My new table would like like this:
ID DAYS FREQUENCY DAYS DIFF
"ads" 20 3 2 (because 20-18)
"jwa" 45 2 NA (because no value greater than 45 for that id)
"mno" 4 1 NA
"ads" 13 3 NA
"jwa" 60 2 15
"ads" 18 3 5
Bonus: Is there a way to use the merge function?
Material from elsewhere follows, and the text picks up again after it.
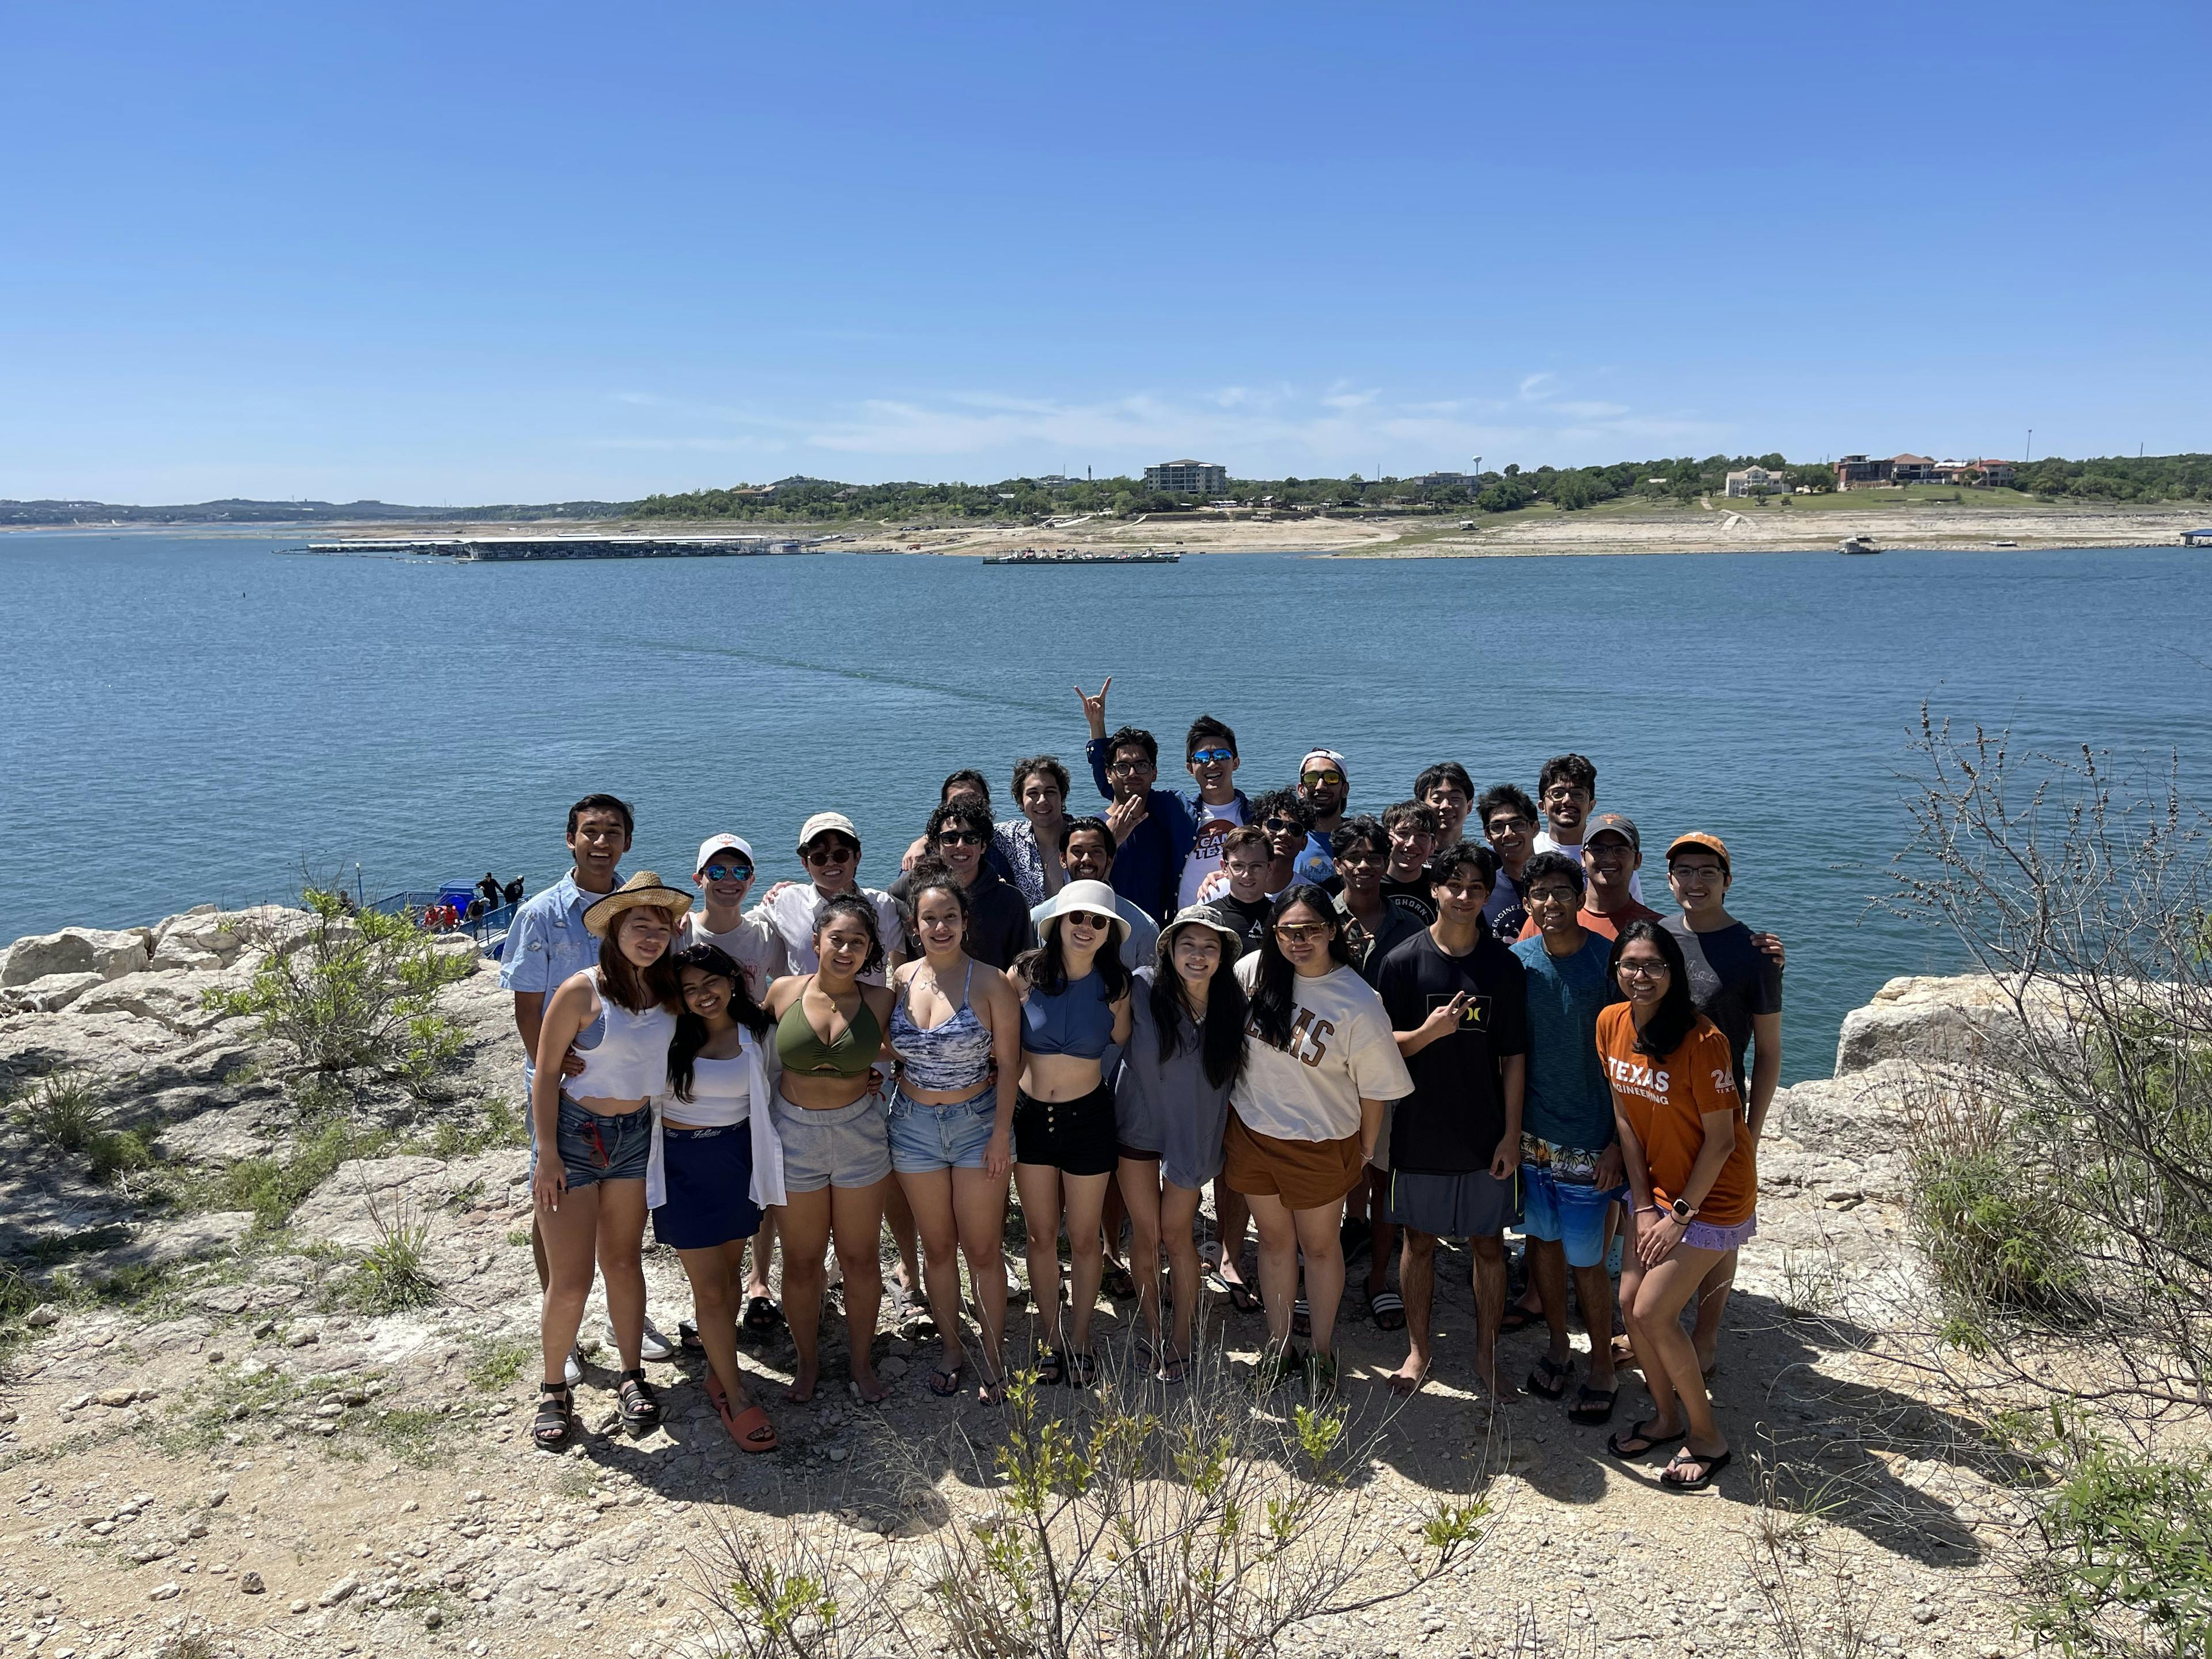 Group photo of IEEE members on rocky hill island in the middle of a lake.

Here's an answer using dplyr:
require(dplyr)
mydata %>%
mutate(row.order = row_number()) %>% # row numbers added to preserve original row order
group_by(ID) %>%
arrange(DAYS) %>%
mutate(lag = lag(DAYS)) %>%
mutate(days.diff = DAYS - lag) %>%
ungroup() %>%
arrange(row.order) %>%
select(ID, DAYS, FREQUENCY, days.diff)
Output:
ID DAYS FREQUENCY days.diff
<fctr> <int> <int> <int>
1 ads 20 3 2
2 jwa 45 2 NA
3 mno 4 1 NA
4 ads 13 3 NA
5 jwa 60 2 15
6 ads 18 3 5
You can do this using dplyr and a quick loop:
library(dplyr)
# Rowwise data.frame creation because I'm too lazy not to copy-paste the example data
df <- tibble::frame_data(
~ID, ~DAYS, ~FREQUENCY,
"ads", 20, 3,
"jwa", 45, 2,
"mno", 4, 1,
"ads", 13, 3,
"jwa", 60, 2,
"ads", 18, 3
)
# Subtract each number in a numeric vector with the one following it
rolling_subtraction <- function(x) {
out <- vector('numeric', length(x))
for (i in seq_along(out)) {
out[[i]] <- x[i] - x[i + 1] # x[i + 1] is NA if the index is out of bounds
}
out
}
# Arrange data.frame in order of ID / Days and apply rolling subtraction
df %>%
arrange(ID, desc(DAYS)) %>%
group_by(ID) %>%
mutate(days_diff = rolling_subtraction(DAYS))